Lonres chairman also claims Purplebricks is only making progress in lower value sectors of market both in the UK and US.

Nigel Lewis

Hybrid estate agency Purplebricks will struggle to make headway in its key US market of New York, it has been claimed.

These comments come William Carrington (pictured, above) the chairman of prime London property data and listings firm Lonres.

He says that New York is a different property market to the UK and highlights the huge cost to Purplebricks of gaining access to its potential riches, as highlighted in the company’s most recent financials.

Each listing in New York is costing Purplebricks $21,482 or £16,784, compared to just £312.50p in the UK.

Significant inroads

“I do not see them making any significant inroads into New York City which is a closed market with realtors who are embedded,” he says.

Carrington compares New York with London’s prime central neighbourhoods where Lonres says Purplebricks has just 1% of the market, 7% less than the national share claimed by TwentyCI’s recent research.

It’s recent report also confirmed that all of Purplebricks’ growth in the UK has come from the sub-£1m property market.
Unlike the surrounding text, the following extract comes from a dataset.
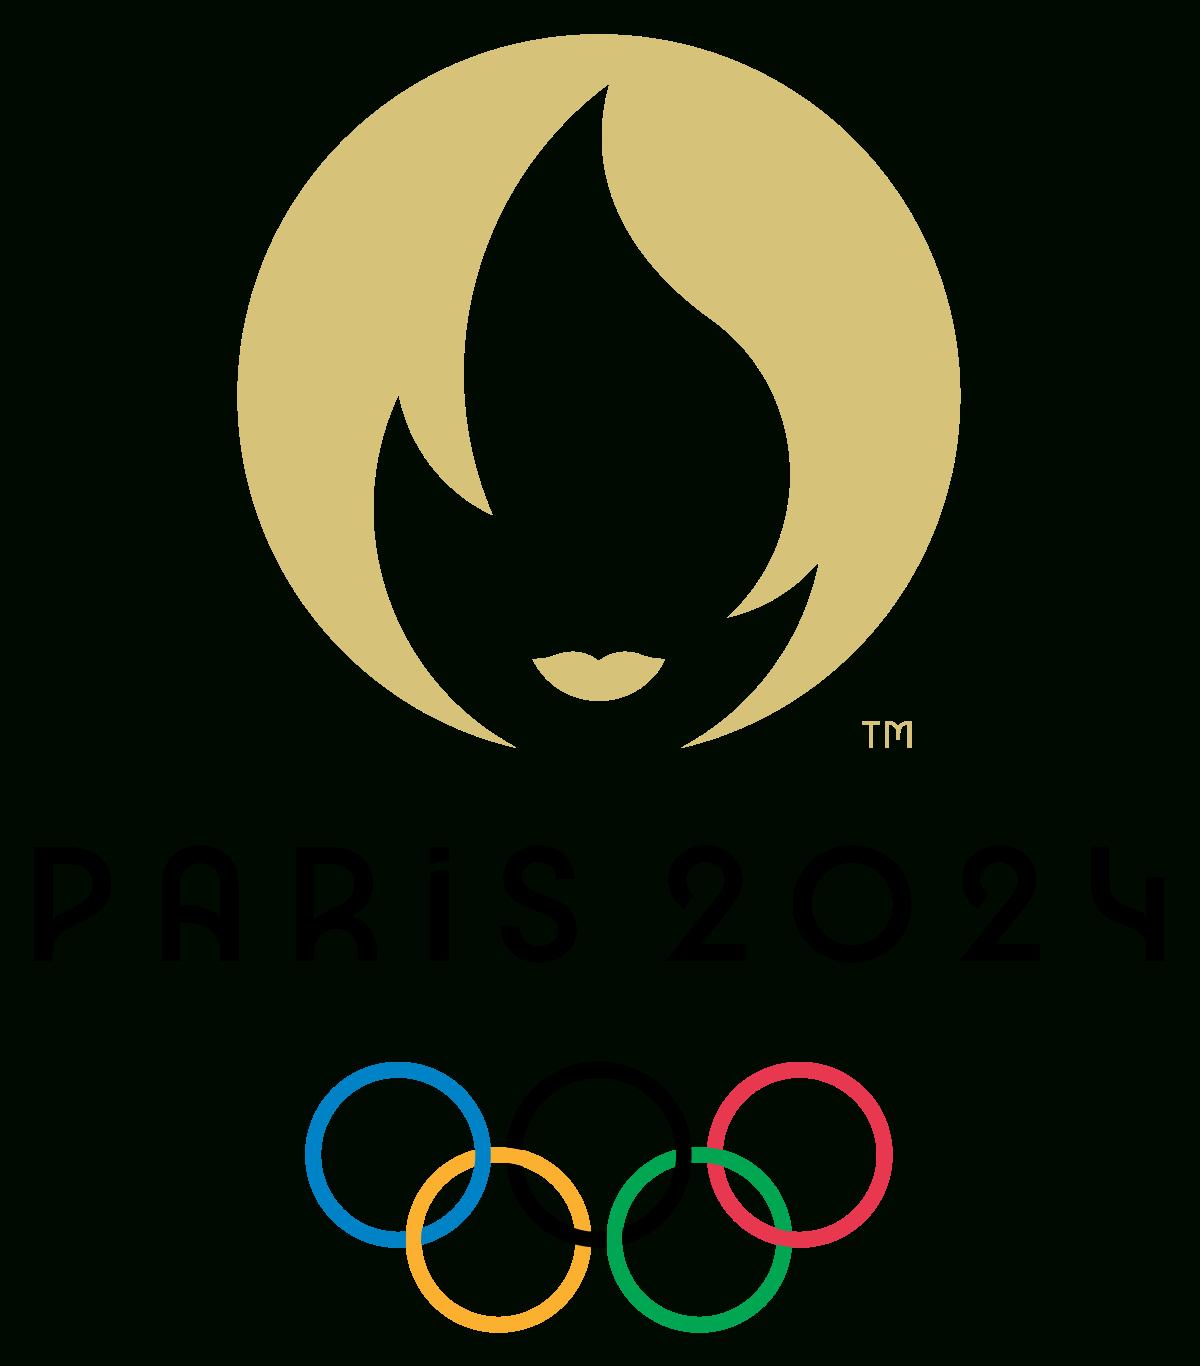 Jeux Olympiques D'été De 2024 — Wikipédia encequiconcerne Jeux 2 Ans En Ligne

“Logic might dictate that a fixed-price service would be more attractive to sellers of higher-priced properties, but perhaps this group of vendors is motivated by factors other than just price,” says TwentyCI’s Customer Officer Colin Bradshaw.

Purplebricks launched in New York in April this year, three months ahead of its original schedule in a bid to catch the city’s Spring market, giving it access to 31 counties, 7.4 million households and 20 million people.

Purplebricks remains coy about the number of Local Property Experts working on its behalf in the US, but research reveals approximately 30 in Los Angeles, 20 in the Tri State Area around New York and 12 based out of Phoenix, Arizona.

August 14, 2018

One comment

  1. Some agencies set the bar so low, it’s hardly worth picking up the phone. These agencies will attract those vendors that are willing to accept this mediocrity as long as the service isn’t totally broken.

    Vendors that don’t bother to ask questions and instead rely on the pr. machine and the fake reviews sites in order to save them the bother of thinking for themselves.

    One has to question whether the original business model was to create an estate agency, or simply as a vehicle to attract investment.